— Data extract —
"""

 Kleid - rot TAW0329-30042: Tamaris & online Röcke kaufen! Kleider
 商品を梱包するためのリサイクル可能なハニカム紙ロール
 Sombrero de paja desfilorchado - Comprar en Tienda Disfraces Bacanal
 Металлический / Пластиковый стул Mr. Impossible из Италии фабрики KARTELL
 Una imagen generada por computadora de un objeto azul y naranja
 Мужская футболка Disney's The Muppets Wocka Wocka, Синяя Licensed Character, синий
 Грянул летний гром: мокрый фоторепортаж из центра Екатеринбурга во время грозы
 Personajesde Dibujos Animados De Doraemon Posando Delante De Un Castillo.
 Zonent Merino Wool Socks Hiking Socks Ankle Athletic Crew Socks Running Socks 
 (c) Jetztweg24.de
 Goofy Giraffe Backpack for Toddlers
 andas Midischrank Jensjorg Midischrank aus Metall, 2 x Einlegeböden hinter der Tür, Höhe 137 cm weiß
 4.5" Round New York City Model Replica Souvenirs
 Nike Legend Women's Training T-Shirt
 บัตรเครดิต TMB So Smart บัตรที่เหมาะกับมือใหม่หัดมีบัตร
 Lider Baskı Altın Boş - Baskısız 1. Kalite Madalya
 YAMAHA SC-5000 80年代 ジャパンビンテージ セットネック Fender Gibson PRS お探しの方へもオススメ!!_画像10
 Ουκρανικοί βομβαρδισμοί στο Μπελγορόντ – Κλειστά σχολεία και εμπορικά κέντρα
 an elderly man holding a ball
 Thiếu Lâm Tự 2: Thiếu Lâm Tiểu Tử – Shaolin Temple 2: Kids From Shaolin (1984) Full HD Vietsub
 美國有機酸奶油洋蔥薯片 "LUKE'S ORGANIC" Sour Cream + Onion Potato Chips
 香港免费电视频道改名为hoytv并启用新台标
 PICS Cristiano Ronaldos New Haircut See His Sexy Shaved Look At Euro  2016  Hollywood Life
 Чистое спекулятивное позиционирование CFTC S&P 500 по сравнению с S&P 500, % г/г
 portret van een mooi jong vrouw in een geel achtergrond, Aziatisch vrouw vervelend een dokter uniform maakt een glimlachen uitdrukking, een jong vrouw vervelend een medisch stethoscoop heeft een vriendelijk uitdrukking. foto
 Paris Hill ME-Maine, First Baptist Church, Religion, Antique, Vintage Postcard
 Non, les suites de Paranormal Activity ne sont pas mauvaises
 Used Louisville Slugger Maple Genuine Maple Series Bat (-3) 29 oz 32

"""

— Task details —
The full listing above should be reproduced exactly.

— Result —
 Kleid - rot TAW0329-30042: Tamaris & online Röcke kaufen! Kleider
 商品を梱包するためのリサイクル可能なハニカム紙ロール
 Sombrero de paja desfilorchado - Comprar en Tienda Disfraces Bacanal
 Металлический / Пластиковый стул Mr. Impossible из Италии фабрики KARTELL
 Una imagen generada por computadora de un objeto azul y naranja
 Мужская футболка Disney's The Muppets Wocka Wocka, Синяя Licensed Character, синий
 Грянул летний гром: мокрый фоторепортаж из центра Екатеринбурга во время грозы
 Personajesde Dibujos Animados De Doraemon Posando Delante De Un Castillo.
 Zonent Merino Wool Socks Hiking Socks Ankle Athletic Crew Socks Running Socks 
 (c) Jetztweg24.de
 Goofy Giraffe Backpack for Toddlers
 andas Midischrank Jensjorg Midischrank aus Metall, 2 x Einlegeböden hinter der Tür, Höhe 137 cm weiß
 4.5" Round New York City Model Replica Souvenirs
 Nike Legend Women's Training T-Shirt
 บัตรเครดิต TMB So Smart บัตรที่เหมาะกับมือใหม่หัดมีบัตร
 Lider Baskı Altın Boş - Baskısız 1. Kalite Madalya
 YAMAHA SC-5000 80年代 ジャパンビンテージ セットネック Fender Gibson PRS お探しの方へもオススメ!!_画像10
 Ουκρανικοί βομβαρδισμοί στο Μπελγορόντ – Κλειστά σχολεία και εμπορικά κέντρα
 an elderly man holding a ball
 Thiếu Lâm Tự 2: Thiếu Lâm Tiểu Tử – Shaolin Temple 2: Kids From Shaolin (1984) Full HD Vietsub
 美國有機酸奶油洋蔥薯片 "LUKE'S ORGANIC" Sour Cream + Onion Potato Chips
 香港免费电视频道改名为hoytv并启用新台标
 PICS Cristiano Ronaldos New Haircut See His Sexy Shaved Look At Euro  2016  Hollywood Life
 Чистое спекулятивное позиционирование CFTC S&P 500 по сравнению с S&P 500, % г/г
 portret van een mooi jong vrouw in een geel achtergrond, Aziatisch vrouw vervelend een dokter uniform maakt een glimlachen uitdrukking, een jong vrouw vervelend een medisch stethoscoop heeft een vriendelijk uitdrukking. foto
 Paris Hill ME-Maine, First Baptist Church, Religion, Antique, Vintage Postcard
 Non, les suites de Paranormal Activity ne sont pas mauvaises
 Used Louisville Slugger Maple Genuine Maple Series Bat (-3) 29 oz 32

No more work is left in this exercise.